CHUCK TUCKER (941214) --

I have read the posts on this topic with my eye towards some
resolution... I do not understand what was being done with the
various simulations of ecoli.

Bill Powers (941216.1410 MST) gave his take on it. Here's mine.

In my E. coli demo, people are able to produce a consistent result
(move a dot to a target) despite the fact that the consequences of actions
are random; actions are bar presses and the consequences of these
actions (reinforcements) are random changes in the direction of the dot
on the screen.

I developed this demo to show that purposeful behavior (keeping a
spot on a target) cannot be viewed as selection by consequences;
random consequences (the random directions of spot movement after
each bar press) cannot select a non-random result (spot on target).

Bruce Abbott did not believe that this demo showed anything of the
kind and he tried to build a reinforcement model to explain the
controlling that is actually observed in the E. coli demo.
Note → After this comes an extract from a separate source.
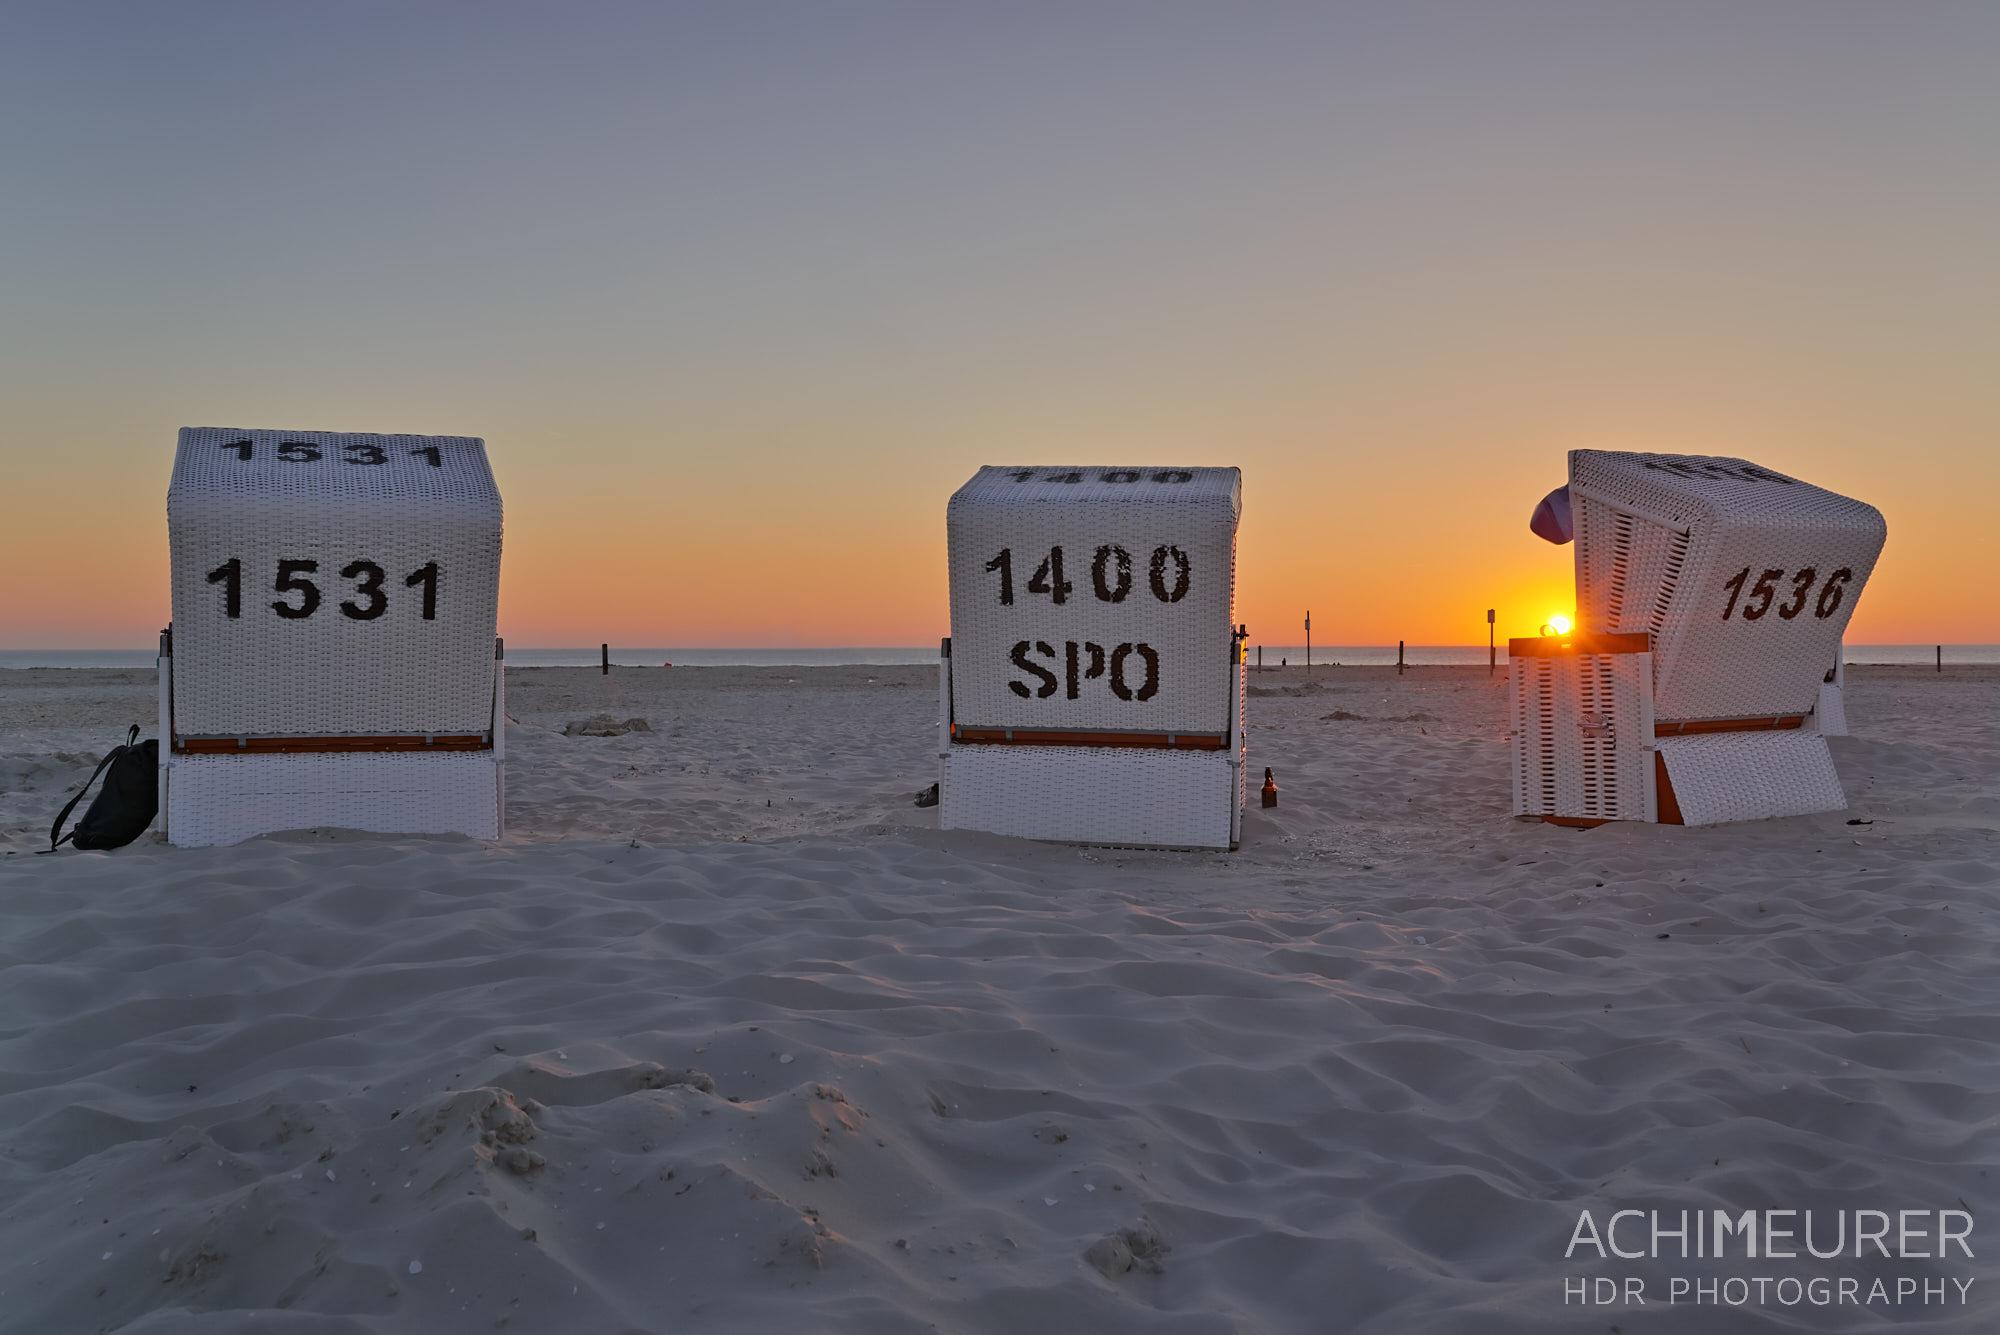 Sonnenuntergang - Sankt Peter-Ording an der Nordsee by Achim Meurer.

His first try
failed because it was not a reinforcement model; it was a control model.
His second try was, indeed, a reinforcement model (reinforcement was
proportional to the direction of spot movement after a bar press; he
called this the "gradient") and the model failed as expected; the behavior
of this model was a random walk rather than purposeful behavior.

Finally, Bruce developed a reinforcement model that seemed to
produce purposeful behavior via selection by consequences. In this
model, reinforcement was proportional to a _change_ in the direction
of the spot before and after a press; if the direction after the press was
"better" (more towards the target) than before, then this was a
"reward"; if the direction after the press was "worse", this was a
"punishment".

These rewards and punishments "selected" the values of two
probabilities; the probability that the model would press the bar given
that the spot was moving toward target and the probability that the
model would press the bar given that the spot was moving away from
the target.

This selection by consequences model worked because the consequence
of a bar press is most likely to be a reward if there is a press when the
spot is moving away from the target and to be a punishment if there is a
press when the spot is moving toward the target. The result is that the
probability of pressing the bar when the spot is moving toward the target
gets small and the probability of pressing when the spot is moving
away from the target get large. The model works, then, because it ends
up pressing the bar when the spot is moving away and not pressing when the
spot is moving toward the target.

I then changed the conditions of the experiment so that it would no longer
be true that the consequence of a bar press is most likely a reward if
there is a press when the spot is moving away from the target and a
punishment if there is a press when the spot is moving toward the
target. When I made this change (which I called "getting rid of an
artifact" from the experiment) Bruce's selection by consequences
model no longer worked because consequences (rewards and punishments) no
longer selected probabilities of pressing that acheived the goal. The
selection by consequences model did what Bill Powers said it did. It:

failed under a fairly simple change of conditions

The control model (a selection OF consequences model) and human subjects
did NOT fail (to control) under this change of circumstances.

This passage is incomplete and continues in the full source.